Nas mãos de Gina McKee, a Rainha Elizabeth é uma criatura política letal. A sua voz áspera assenta no papel na perfeição e ela responde à altura tanto a Freeman como a Steed. A expressão de horror implacável enquanto espera que Ricardo a beije dá arrepios. Gerald Kyd é impressionante como Catesby, o braço-direito de Ricardo — cumplicidade de dentes cerrados e indiferença brutal; um verdadeiro psicopata.

Mark Meadows tira de Clarence mais do que muitos conseguem e a sua morte (afogado num aquário) é terrível de suportar. Gabrielle Lloyd (Duquesa de York — há nela um traço das mulheres de Windsor) é magnífica no discurso em que se vira contra Ricardo, seu filho; a dor e a desilusão que exala são palpáveis. Lauren O'Neil é uma excelente Lady Anne, transmitindo na perfeição o nojo e o medo de Ricardo. Morre de forma soberba, lutando com Ricardo por cada hipótese de sobreviver; e, antes disso, tem um momento de beleza assombrada quando percebe que ele a vai matar. Um momento quieto, devastadoramente eficaz.

Joshua Lacey dá a Rivers um espírito combativo e singular e as cenas em que é torturado e executado estão rasgadas de dor. Paul Leonard faz de Hastings alguém austero, sombrio e sincero; Simon Coombs saboreia o apetite assassino de Tyrrel e quase se sente o sangue entranhado na pele de quem ele matou; Philip Cumbis é régio e íntegro como Richmond, com o seu discurso final a encerrar a peça com beleza e confiança.

Todo o elenco é bom — e isso faz desta uma produção invulgar de Ricardo III, digna de admiração só por esse motivo.

Soutra Gilmour assina o cenário evocativo que, embora carregado de adereços, oferece um ambiente muito austero e cristalino para a acção. A iluminação de Charles Balfour é excelente — um prazer especial é a cena perto do fim em que Ricardo é assombrado pelos fantasmas das suas vítimas. Genuinamente arrepiante. O desenho de som e a música atmosférica de Ben e Max Ringham assentam no cenário e nas interpretações como uma luva, e ainda ajudam a puxar pela complexidade e ressonância.

Lloyd cortou a peça de formas interessantes, removeu personagens, reatribuiu falas; as cenas finais — Ricardo num campo, Richmond noutro — são cortadas e justapostas, criando um efeito quase documental a registar os desenvolvimentos, e a tensão sobe à medida que a fasquia se eleva. Tudo isto ajuda a narrativa a ser eficaz e compreensível para o público contemporâneo.

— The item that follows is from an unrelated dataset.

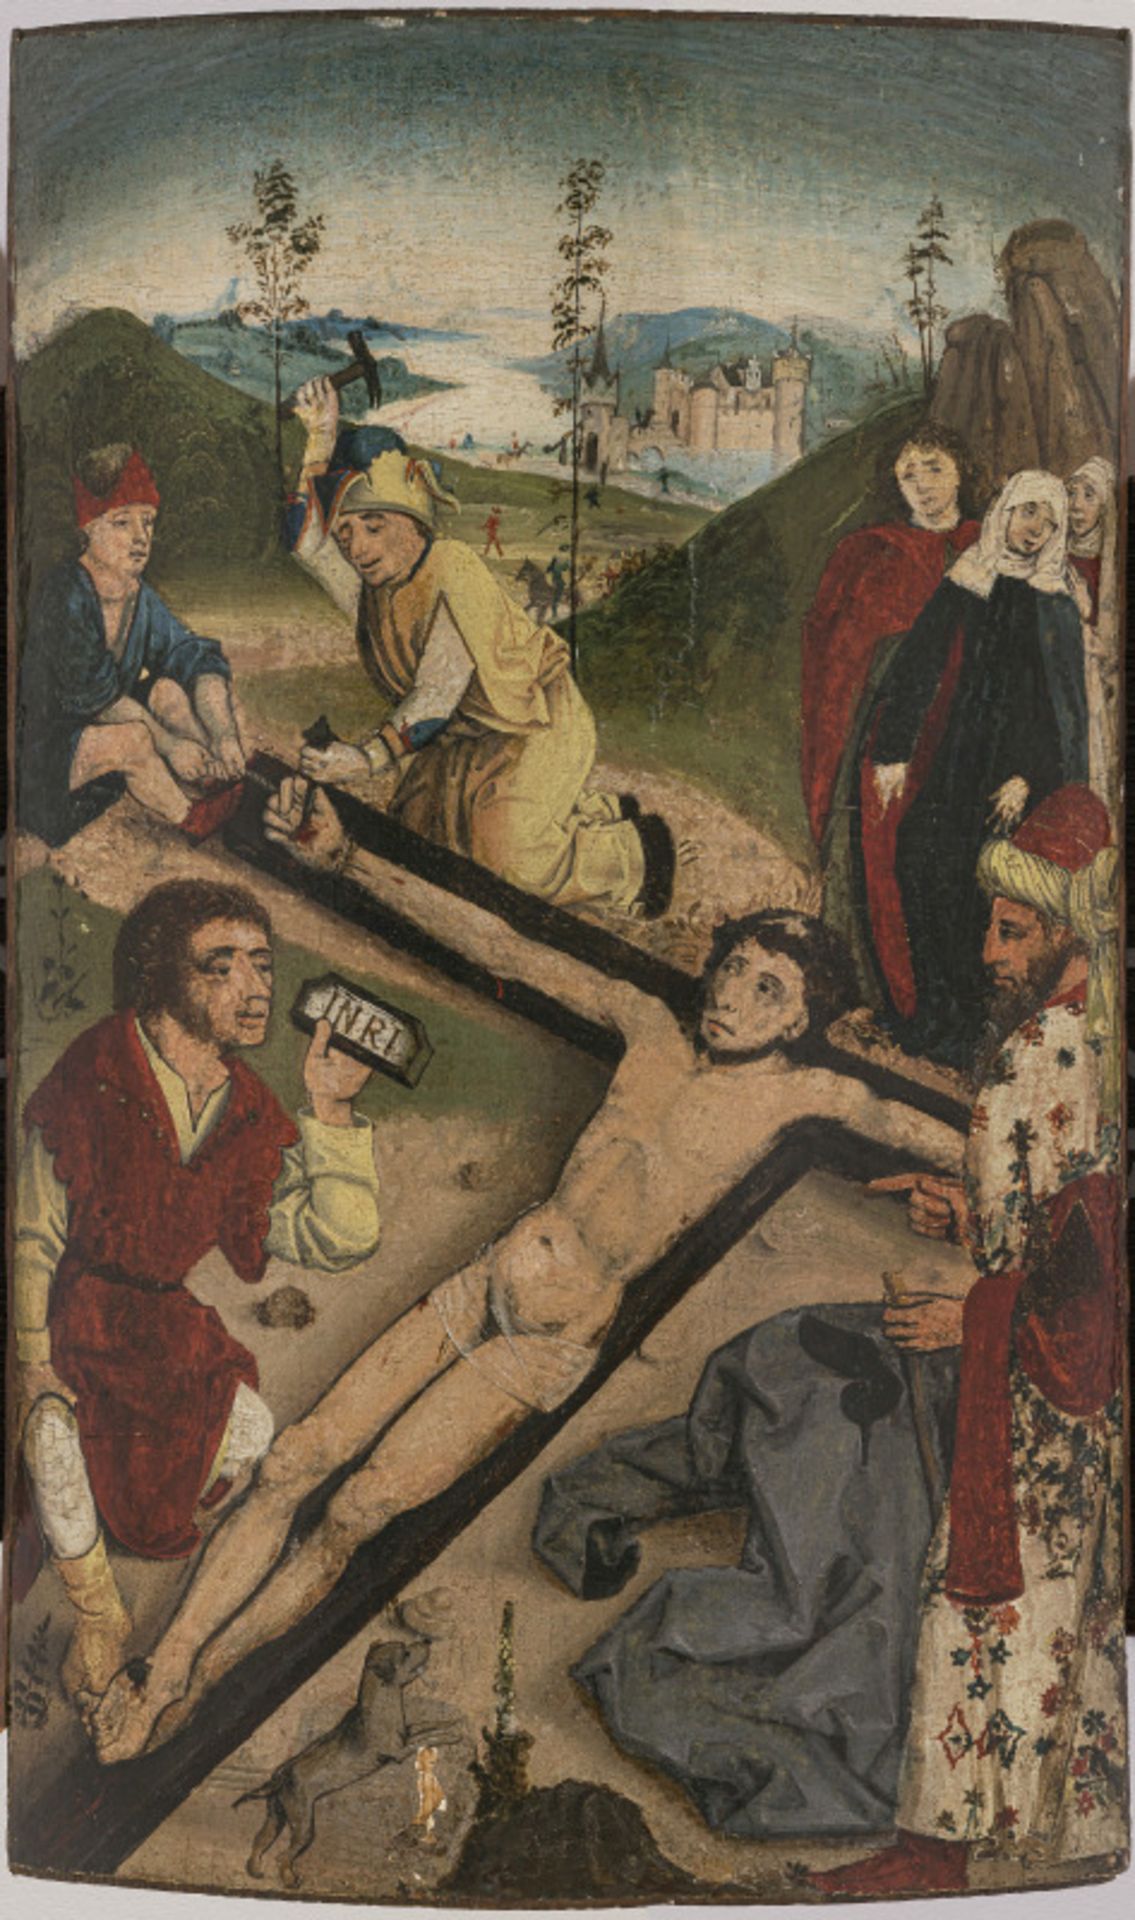 Süddeutsch circa 1500 - Christ is nailed to the cross

Desde o início, a produção de Lloyd agarra a atenção e não a larga. Nunca é aborrecida nem gratuita; tudo tem propósito e contribui para a visão global coerente. É a história de um homem amargo e vingativo, desesperado por conquistar e manter o poder a qualquer custo. Shakespeare escreveu um conto intemporal sobre ganância, poder e desejo, que fala hoje tão alto como falava por volta de 1594. Quem duvidar da relevância de Shakespeare como dramaturgo nos dias de hoje só precisa de ver esta produção para ficar descansado.

Há Ricardos por todo o mundo moderno: a gerir bancos, a controlar forças corporativas, a travar guerras, a oprimir minorias. Há um, neste momento, a governar a Austrália.

A visão e o entendimento de Shakespeare sobre a psicologia da megalomania esquizofrénica nunca foram tão potentes como em Ricardo III. A produção de Jamie Lloyd demonstra-o com clareza e emoção.